Такого коварства Александр I стерпеть не мог и приказал прекратить какие бы то ни было контакты «с этой подлой Анной Ивановной».

А полковник Чернышев до Парижа добрался, он пришел туда в составе действующий армии, будучи генералом от кавалерии. Но и это не было пиком его карьеры, при Николае I он стал военным министром и даже председателем Государственного совета.

Что касается Талейрана, то из Франции ему пришлось бежать. В изгнании он не бедствовал, но его услугами уже никто не пользовался. На 84-м году жизни, предчувствуя близкую кончину, он вдруг решил получить отпущение грехов, и не от кого-нибудь, а от самого папы римского. И ведь получил! Когда эта весть дошла до Парижа, все газеты вышли с броским заголовком: «Князь Талейран всю жизнь обманывал Бога, а перед самой смертью вдруг очень ловко обманул сатану». Намек был более чем прозрачный, мол, за свои грехи в лапы сатаны он теперь не попадет.

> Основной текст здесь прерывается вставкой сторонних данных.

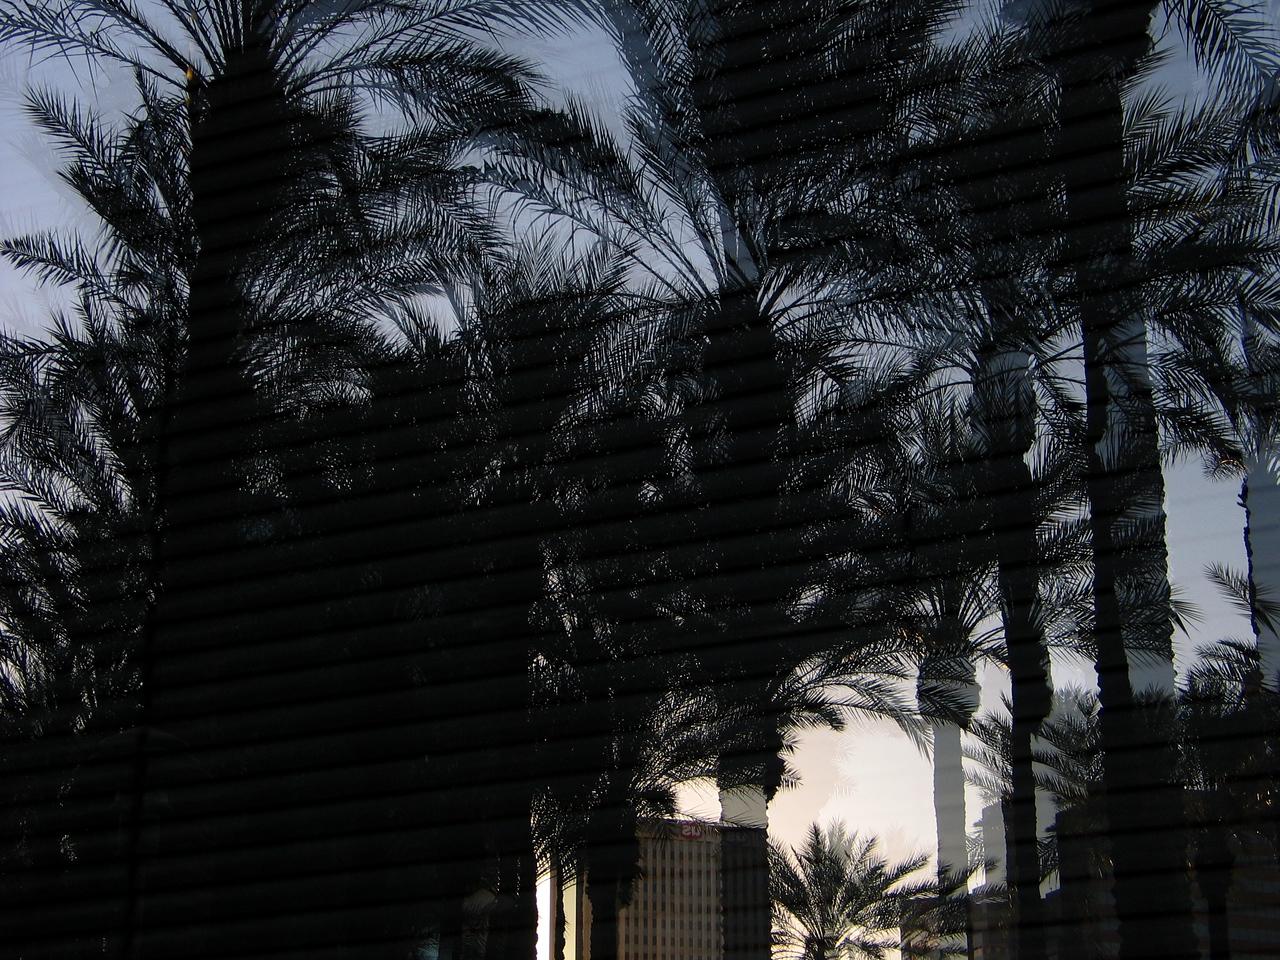 Van Vuran, Downtown Phx, February 2005

Попадет! Еще как попадет! Иуда — он и есть Иуда. Ведь предательство во все времена считалось самым страшным и неискупимым грехом.

И вот ведь как бывает, пока парижский дом Талейрана пустовал, его прикупила известная всей Европе Дарья Христофоровна Ливен. Вообще-то Ливен — это фамилия по мужу, а в девичестве Даша носила куда более известную фамилию фон Бенкендорф. Да-да, знаменитый шеф жандармов Александр Бенкендорф не кто иной, как ее родной брат. Мать Даши баронесса фон Канштадт была близкой подругой жены Павла I Марии Федоровны, поэтому по окончании Смольного института четырнадцатилетнюю девочку императрица взяла к себе во фрейлины. А через год ее выдали замуж за любимца Павла I, двадцатитрехлетнего военного министра графа Ливена.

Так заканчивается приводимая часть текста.